• [Problem] Extract, exactly and without pictures, every line from the one that includes "Engineered Garments Baker" through the final line of the material below.

*** Data excerpt ***

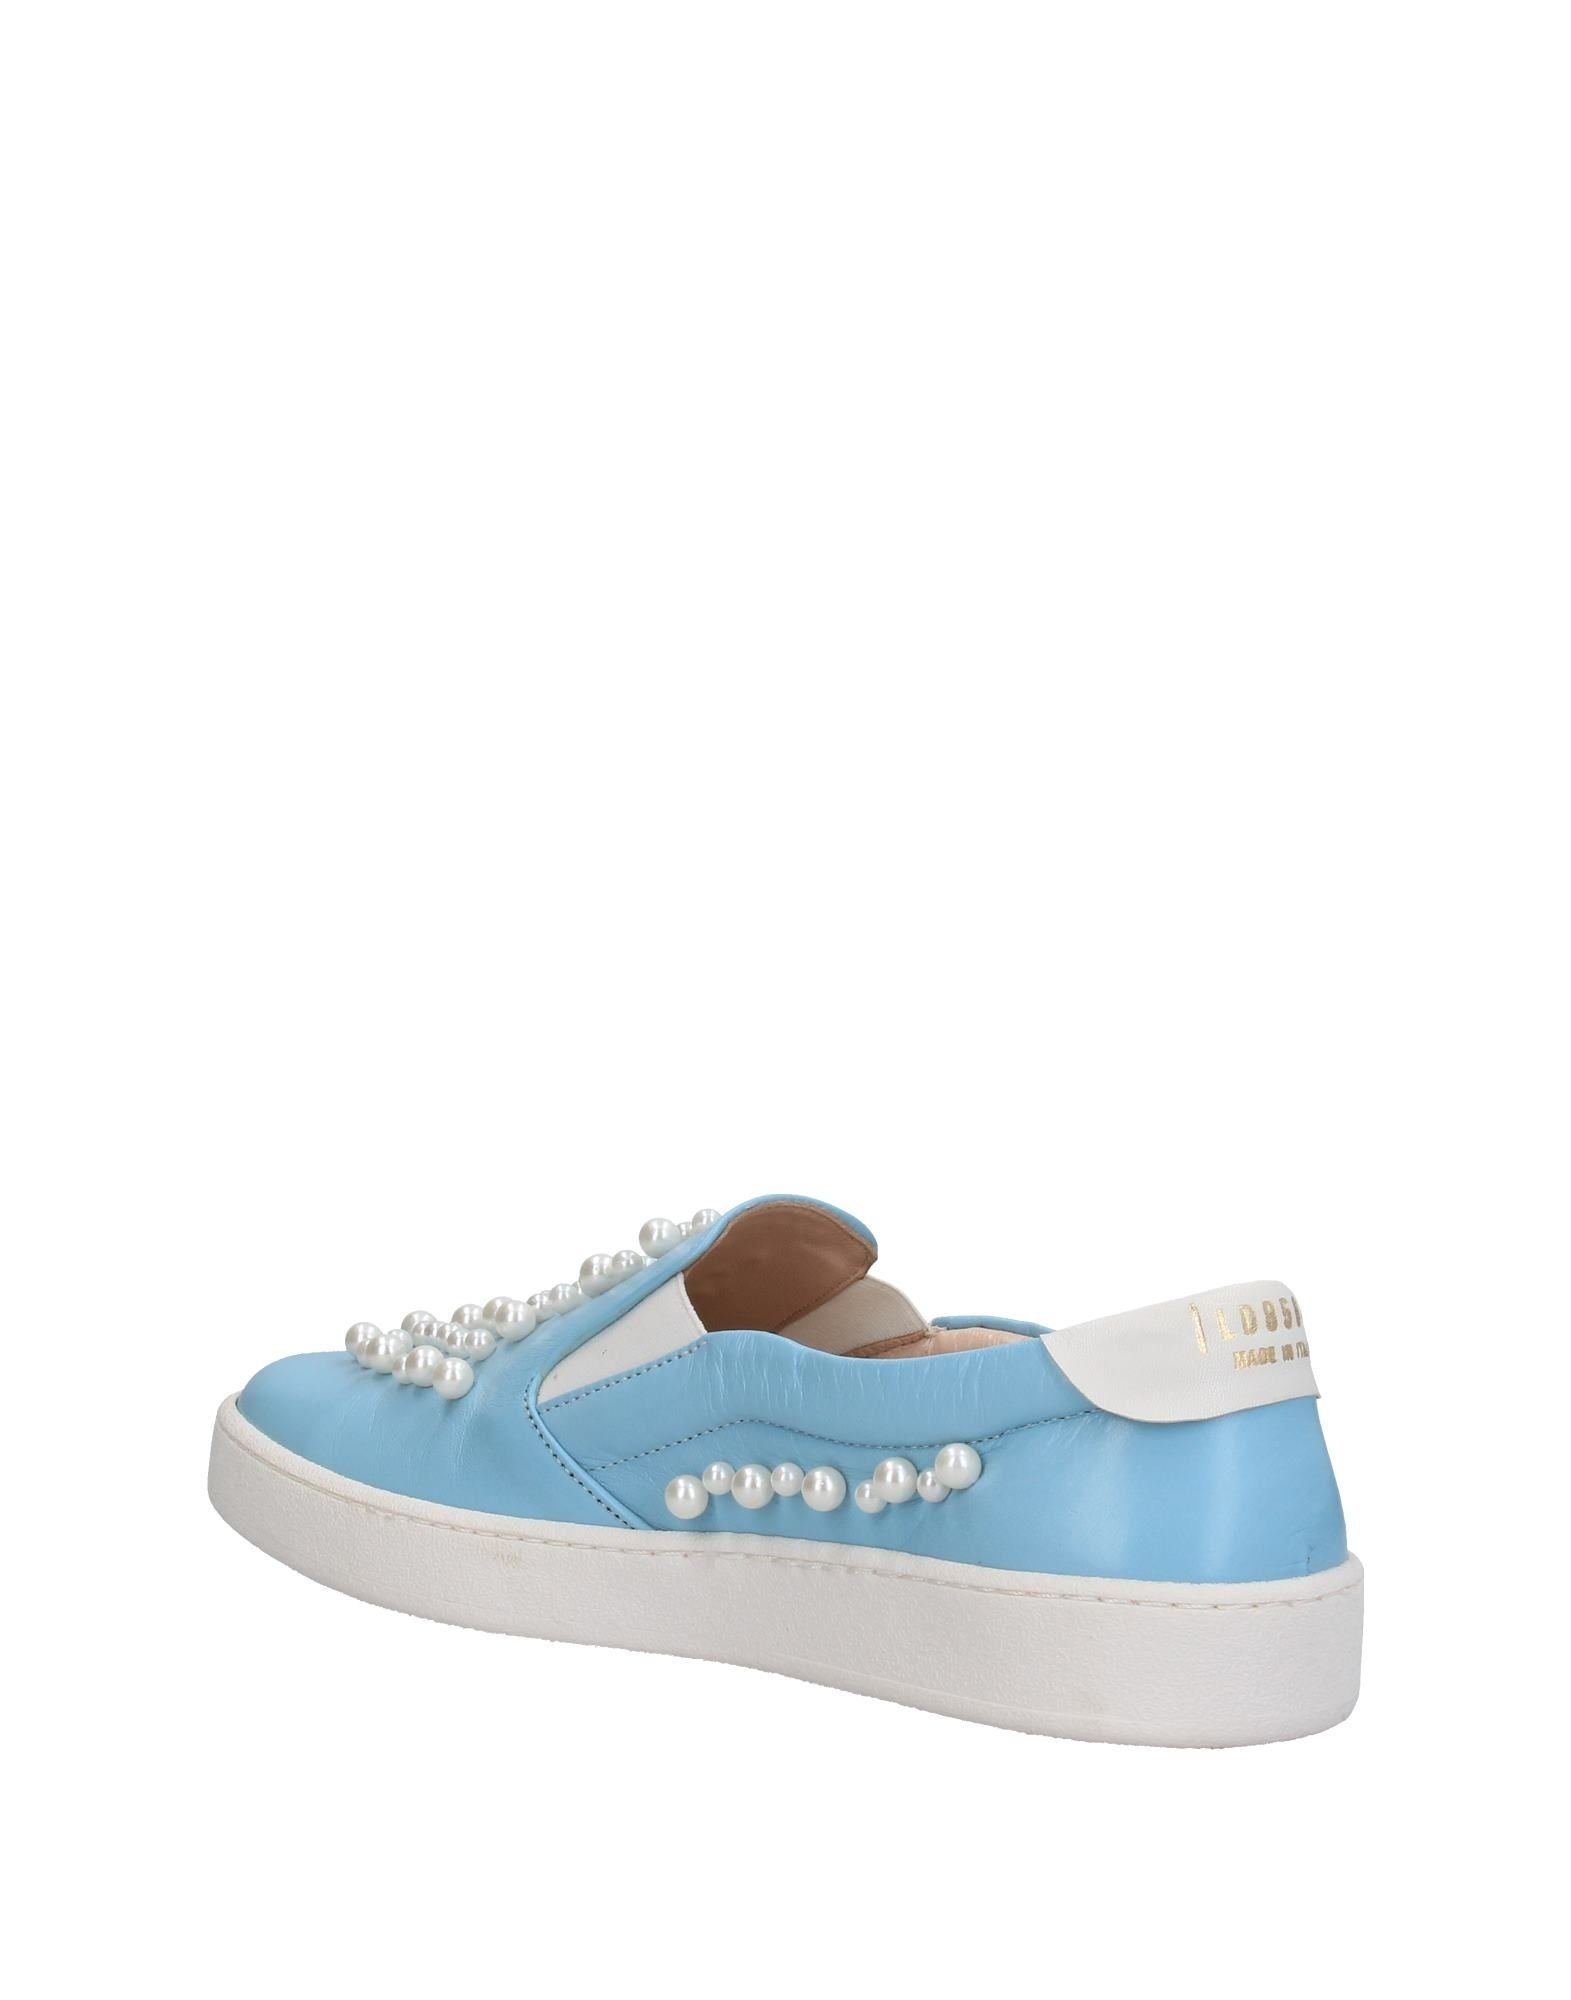 Sneakers Ld8564 Femme - Sneakers Ld8564 sur
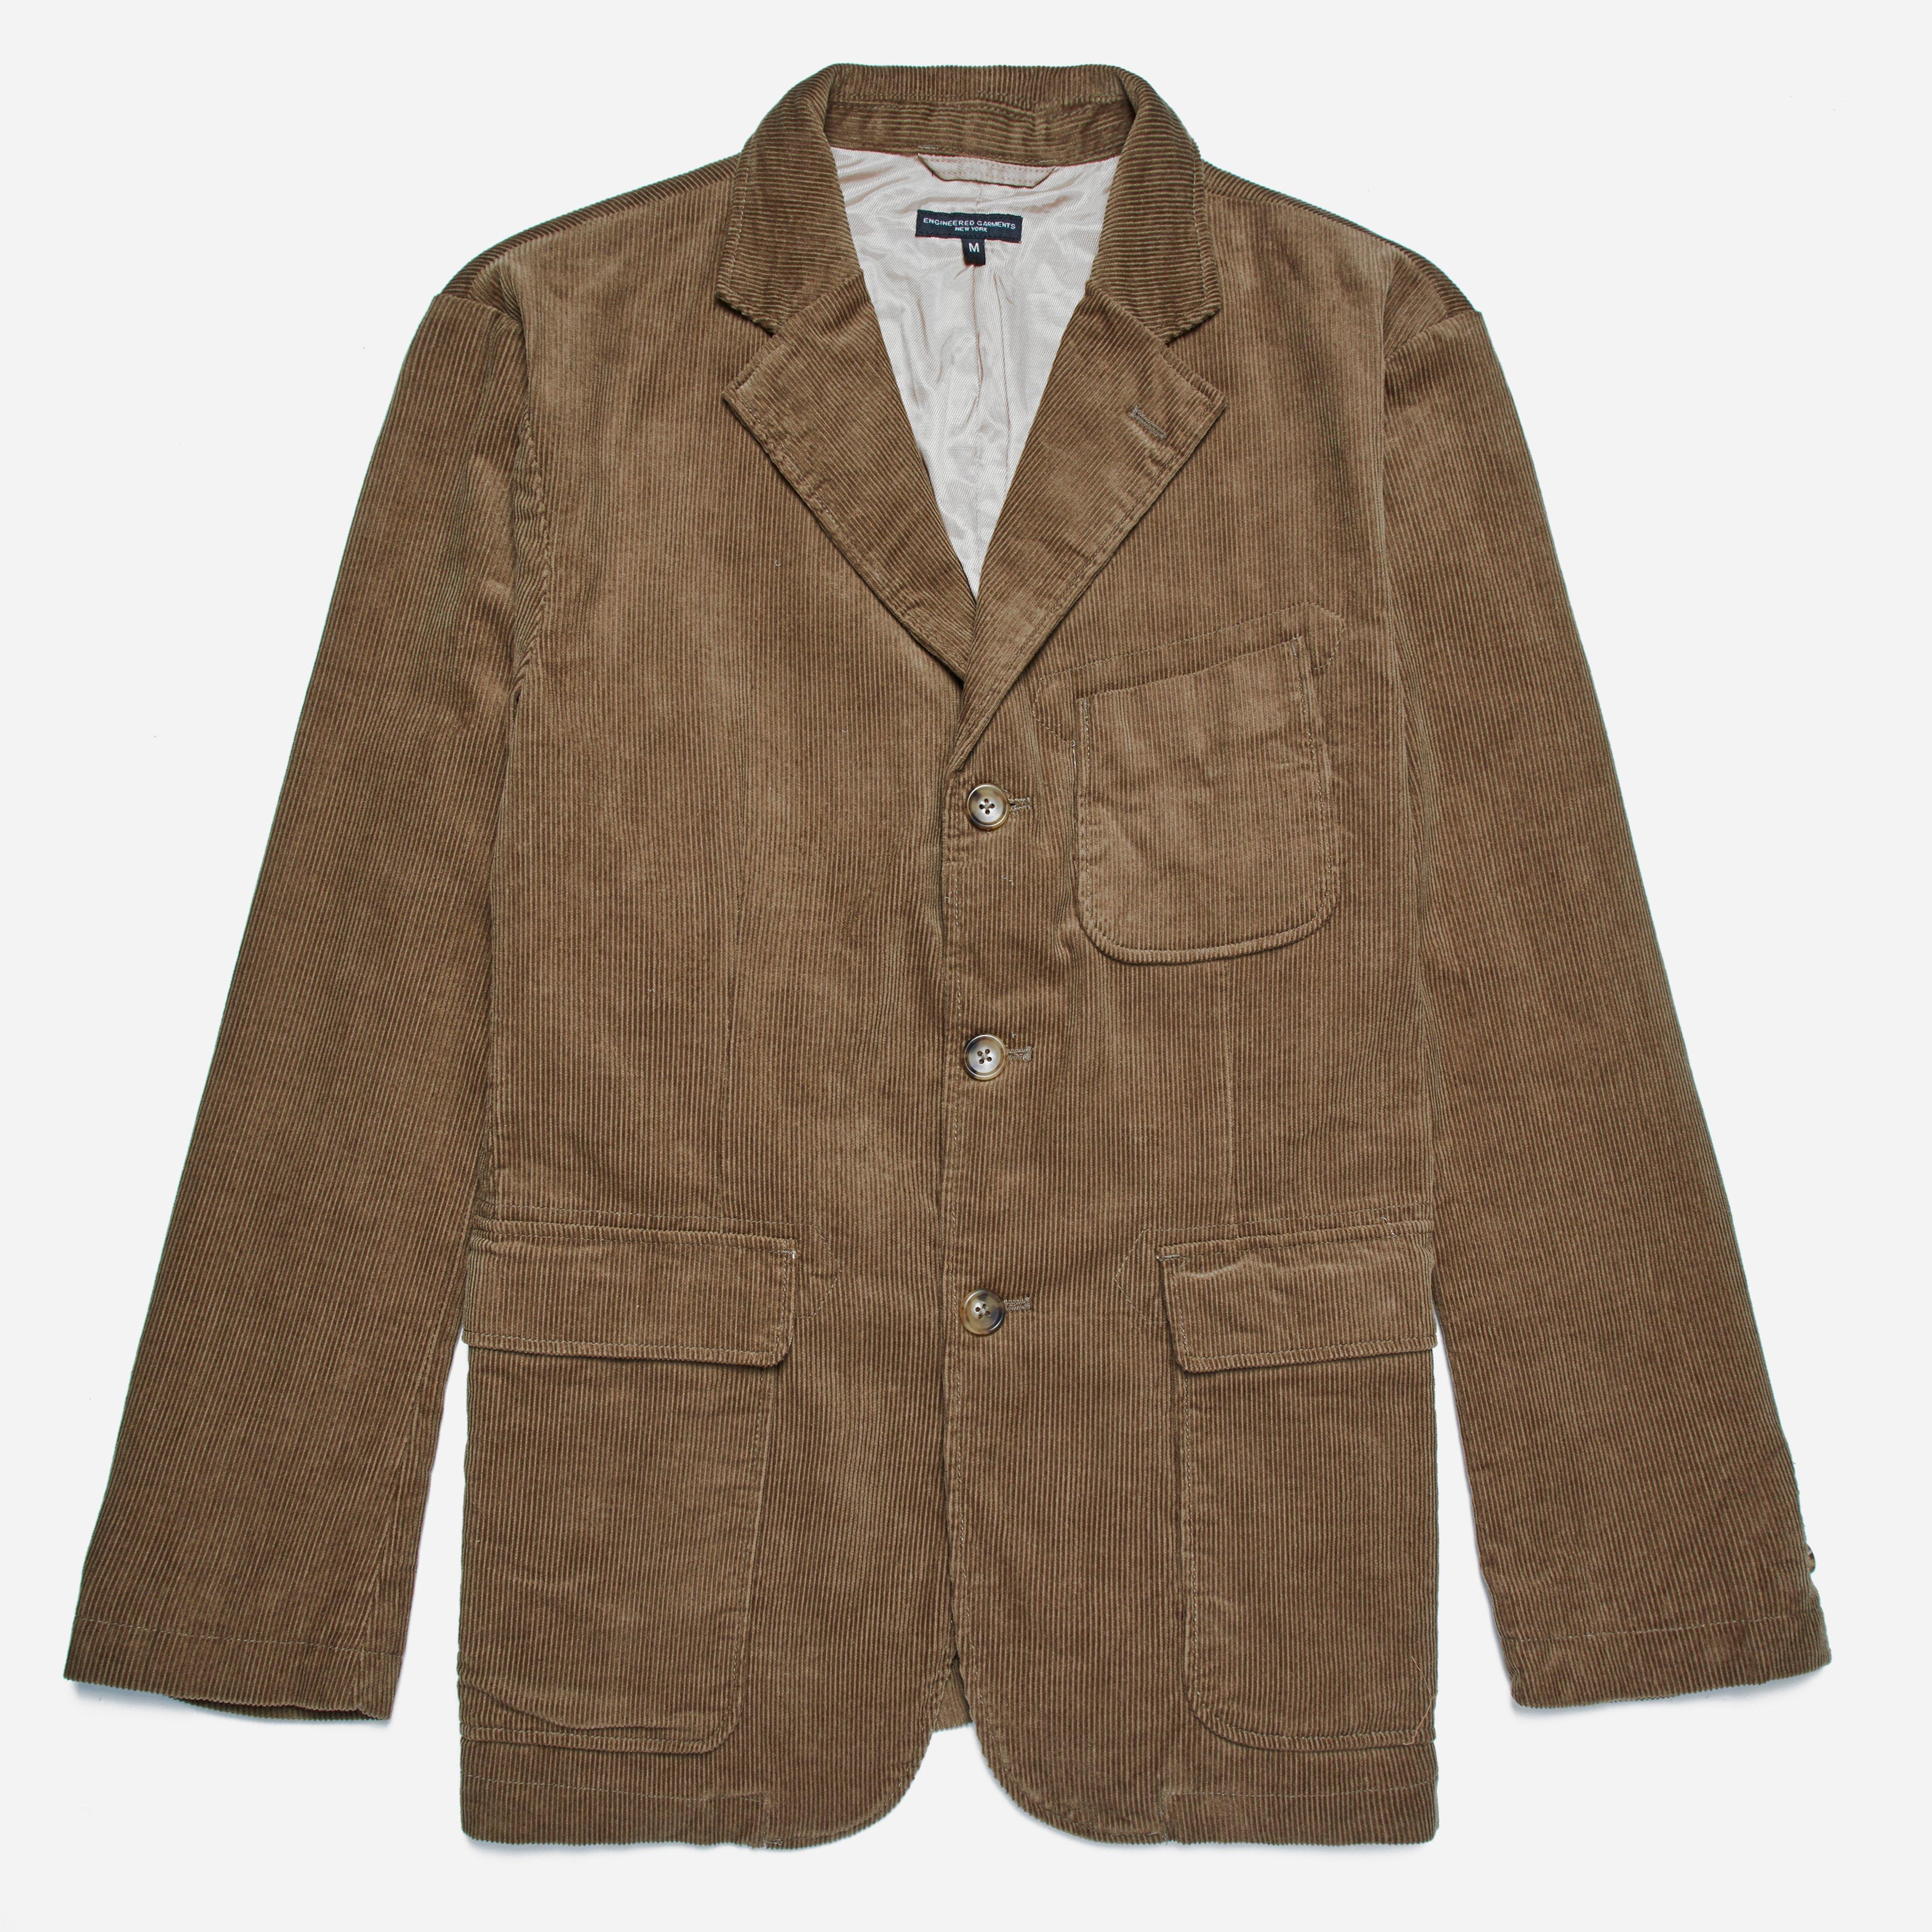 Engineered Garments Baker Jacket - 11W Corduroy
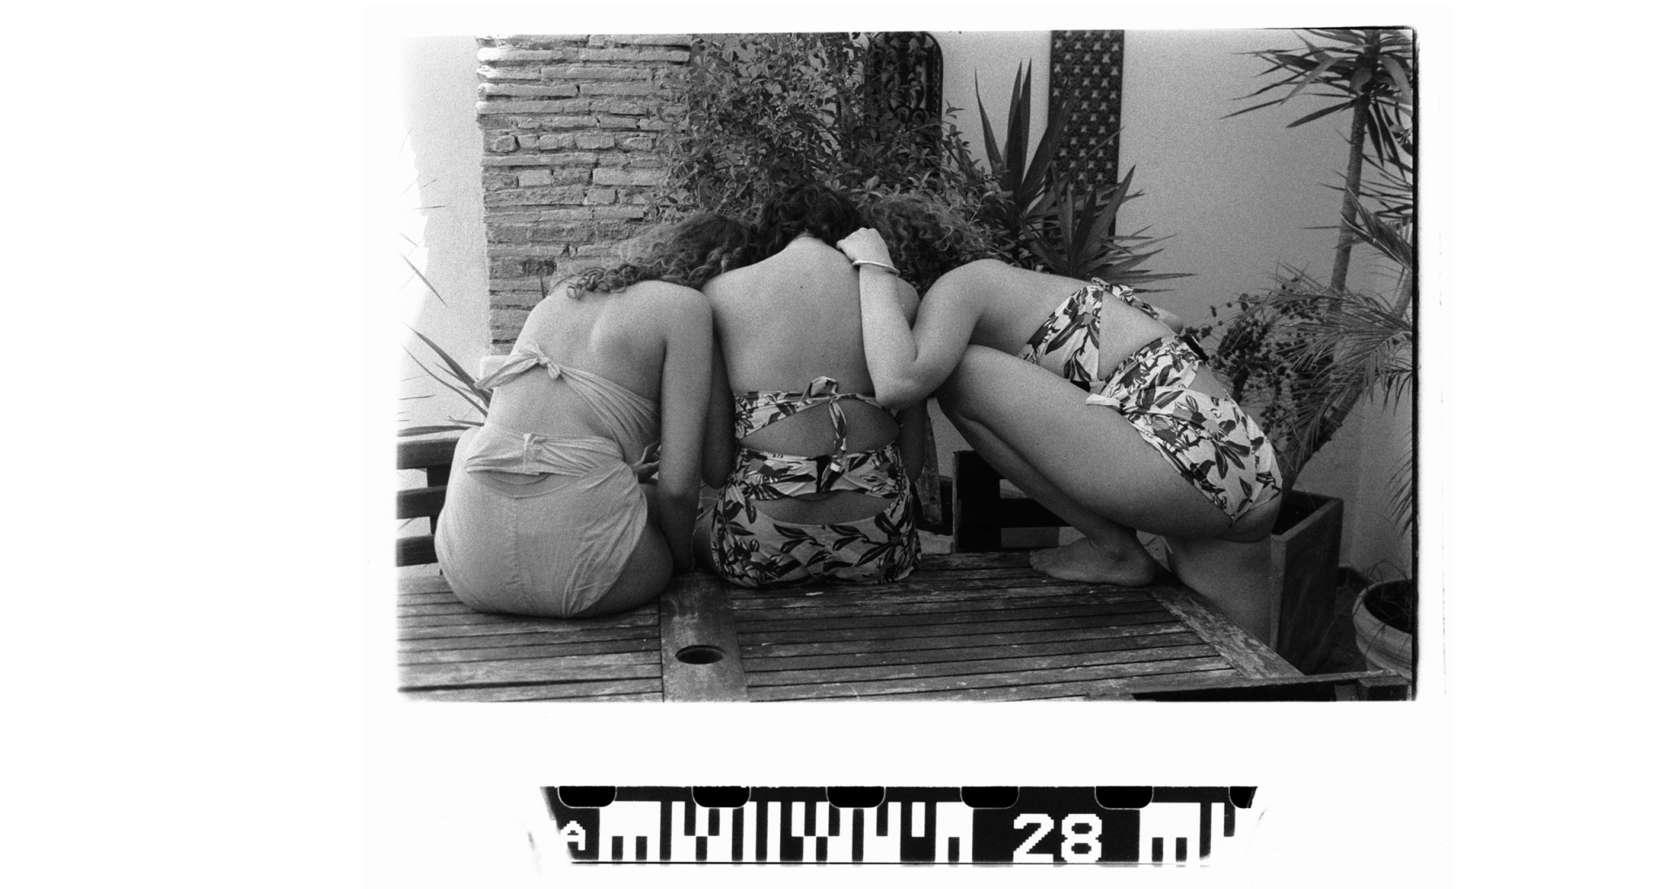 Efisio-Marras-011-1660x889.jpg

***

• [Answer for this exercise]
 Engineered Garments Baker Jacket - 11W Corduroy
 Efisio-Marras-011-1660x889.jpg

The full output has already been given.